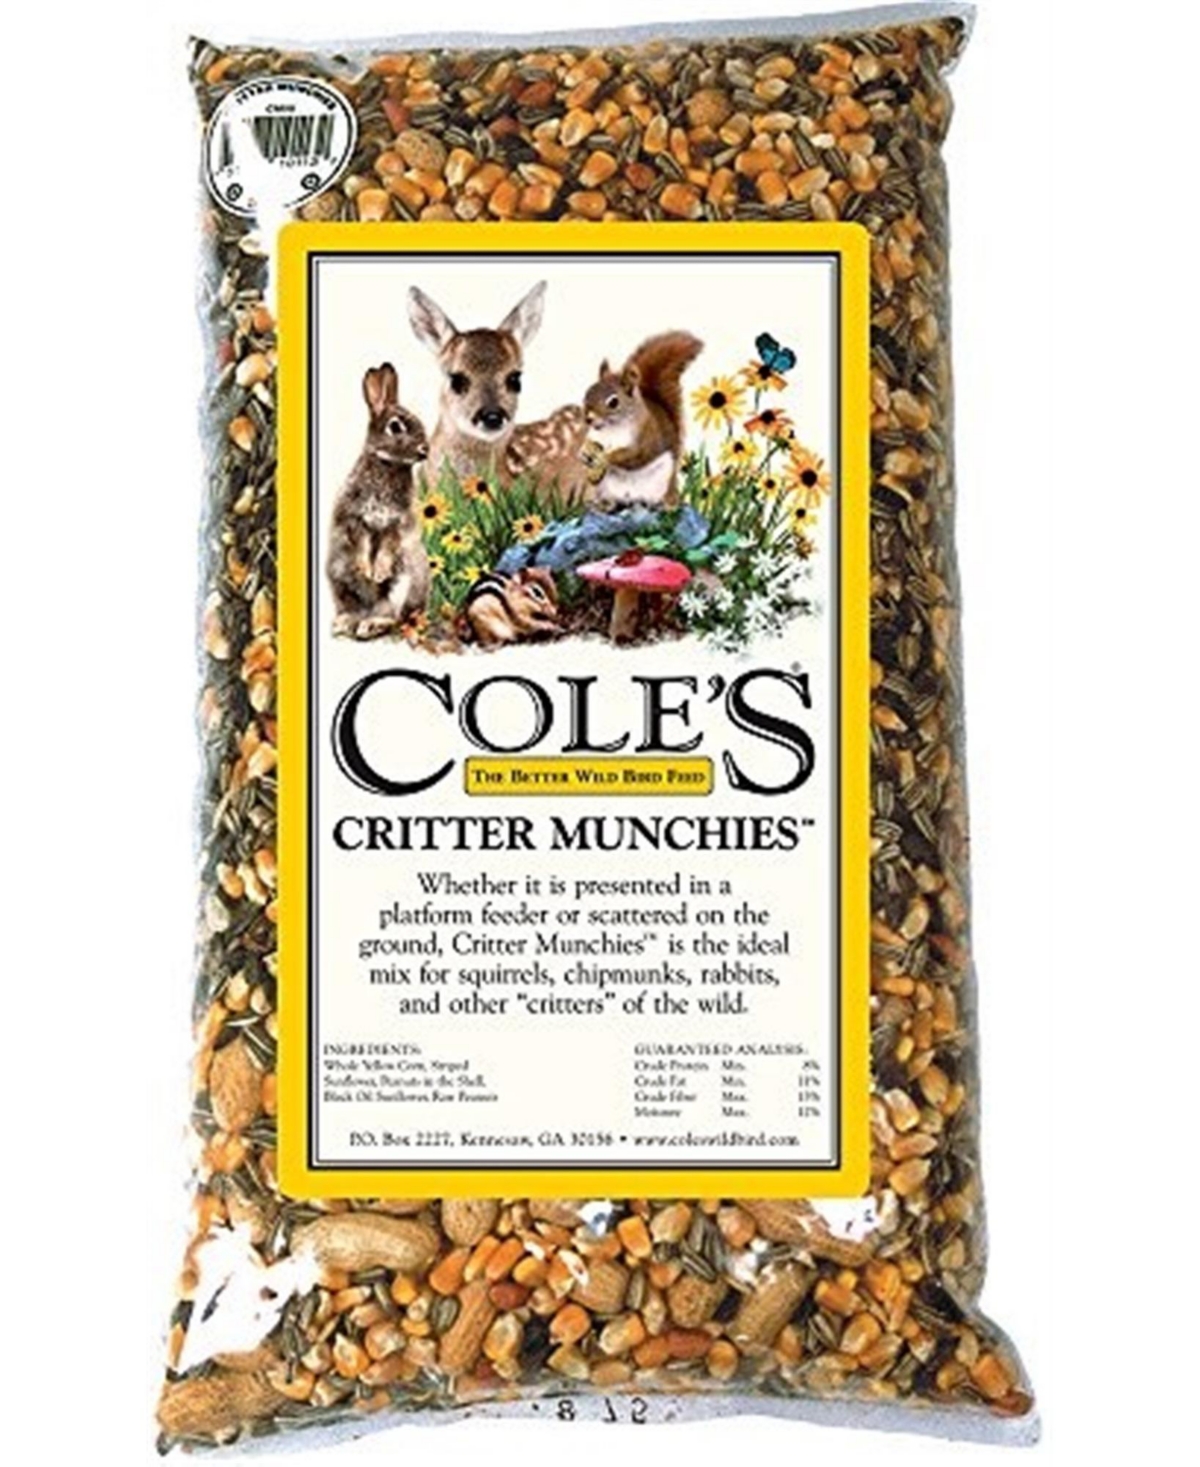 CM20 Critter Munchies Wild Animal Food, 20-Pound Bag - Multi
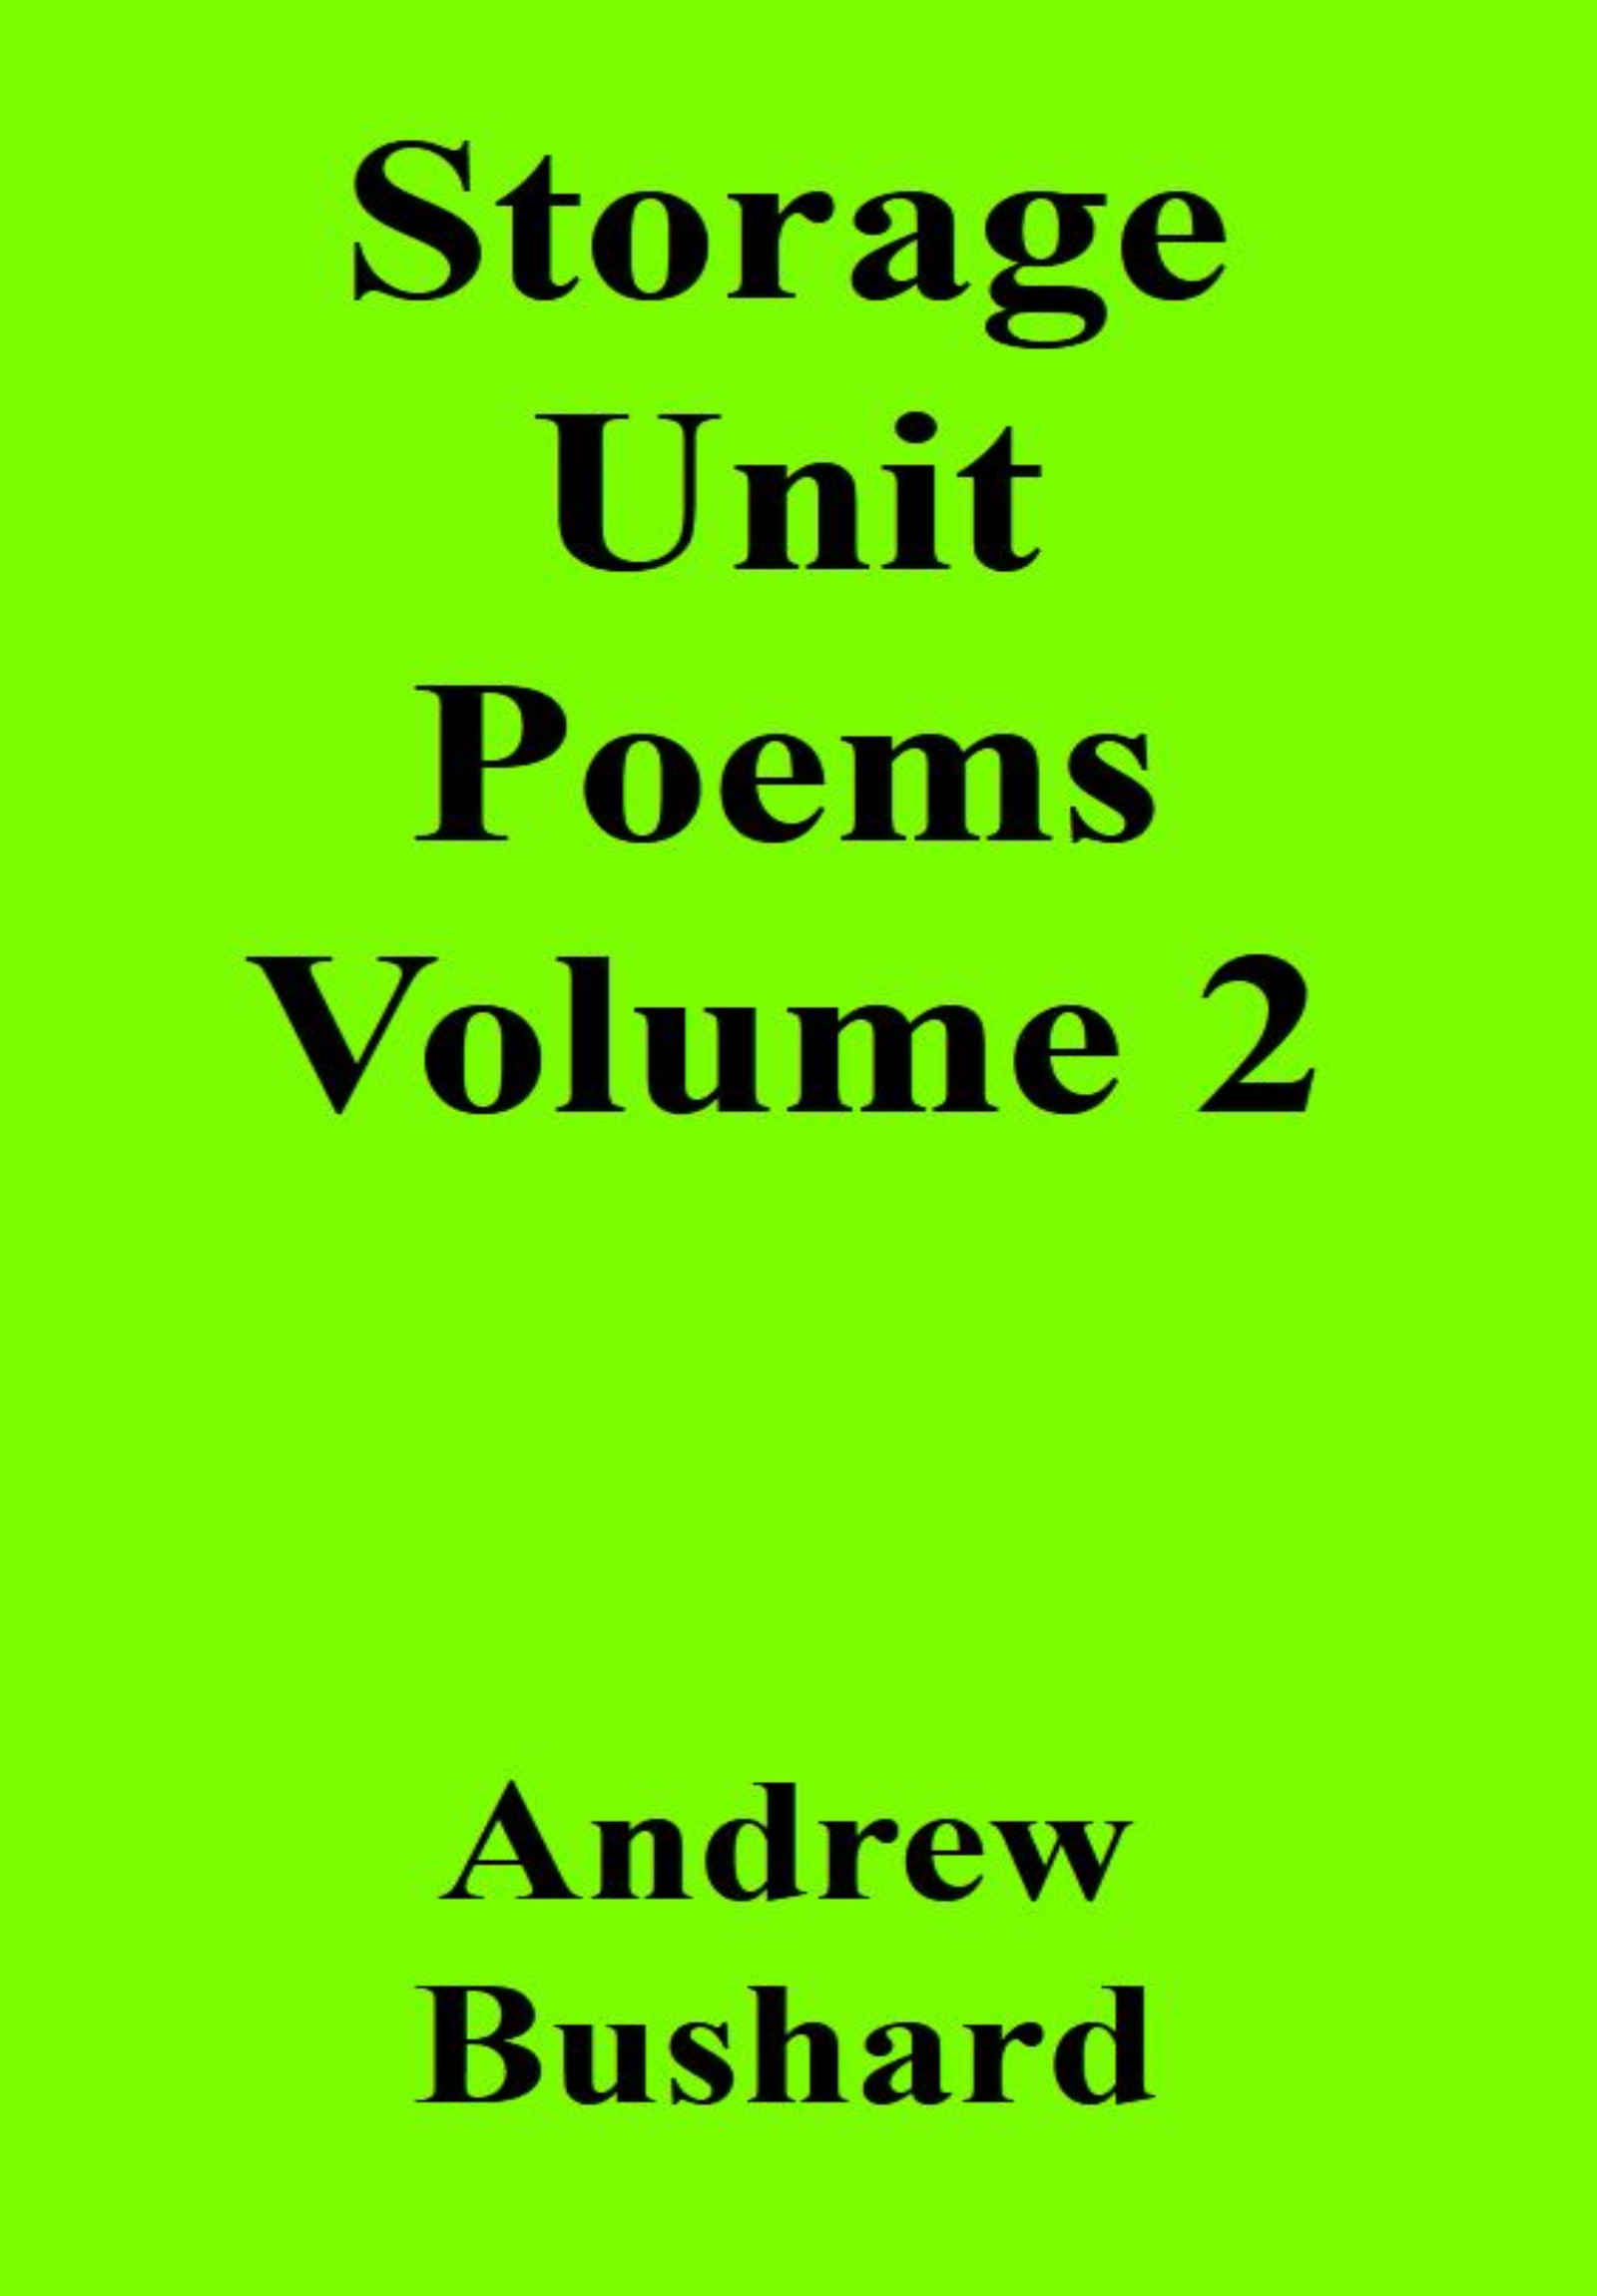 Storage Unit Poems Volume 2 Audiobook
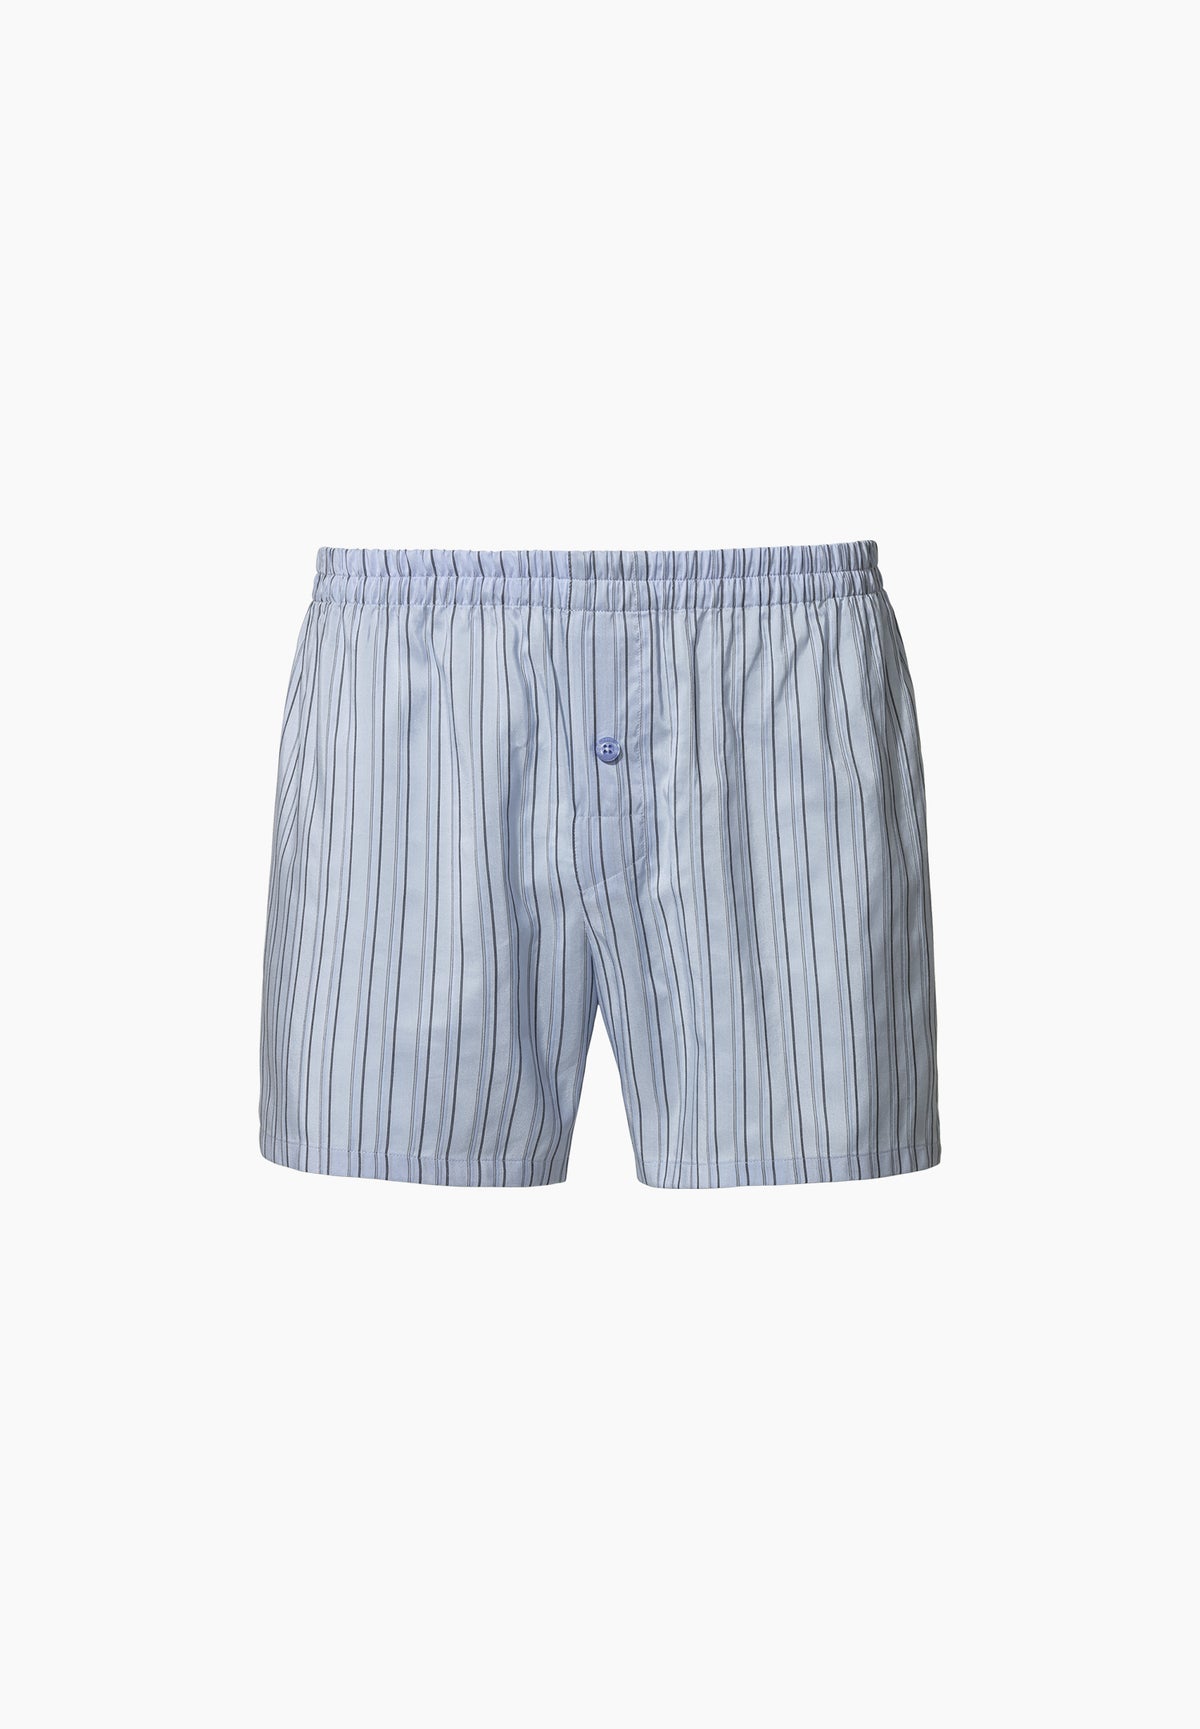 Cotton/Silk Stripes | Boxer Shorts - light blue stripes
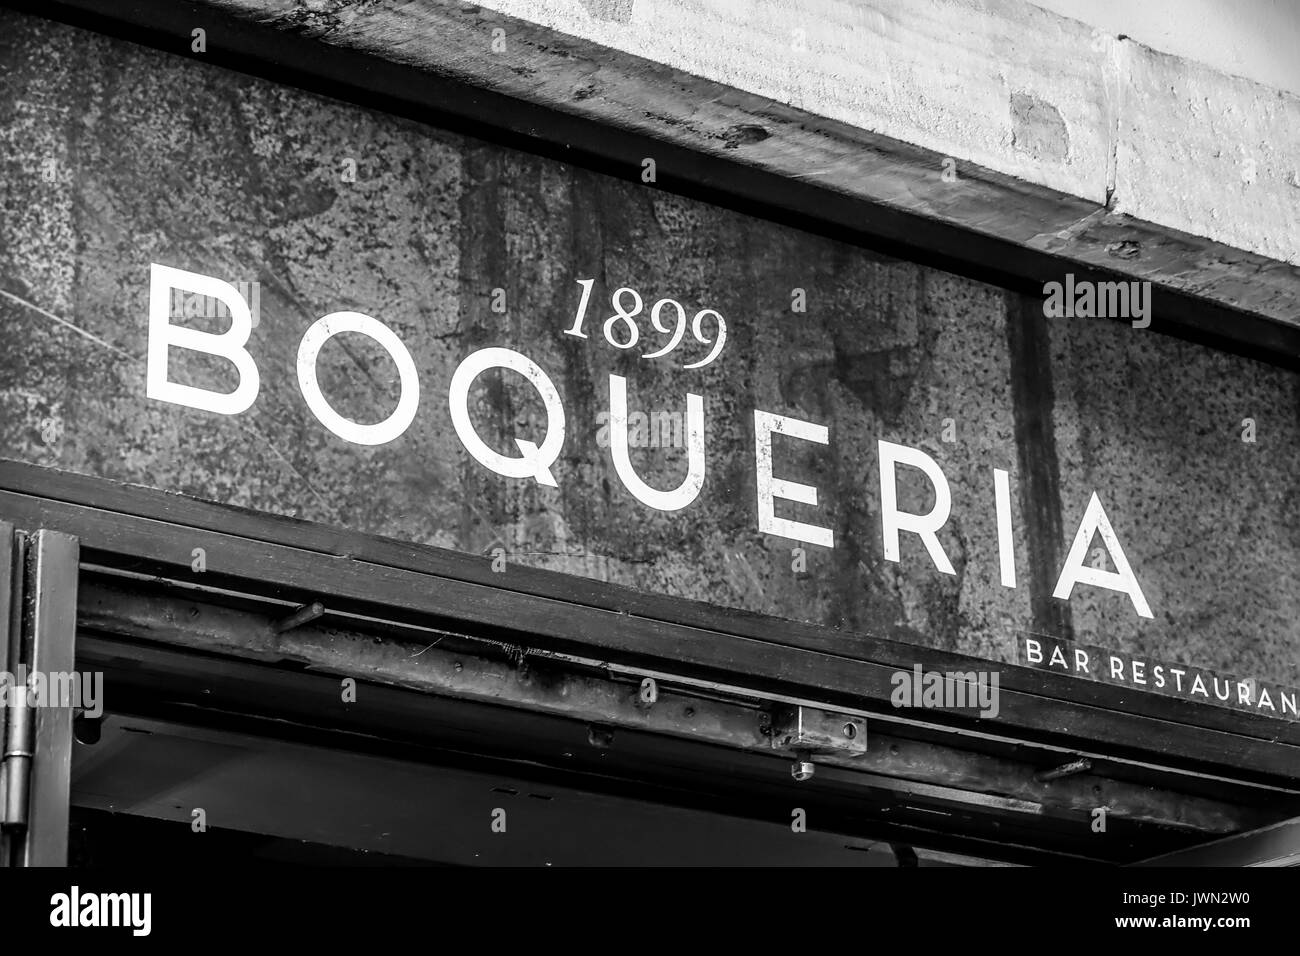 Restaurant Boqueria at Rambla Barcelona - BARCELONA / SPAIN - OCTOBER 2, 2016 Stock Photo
━━━━━━━━━━━━━━━━━━━━━━━━━━━━━━
Lines from the one that contains "Storage Unit Poems Volume 2 Audiobook" through the last line of the data above are to be extracted exactly, with no pictures and no other lines.

[Solution for this exercise]:
 Storage Unit Poems Volume 2 Audiobook
 Cotton/Silk Stripes | Boxer Shorts - light blue stripes
 Restaurant Boqueria at Rambla Barcelona - BARCELONA / SPAIN - OCTOBER 2, 2016 Stock Photo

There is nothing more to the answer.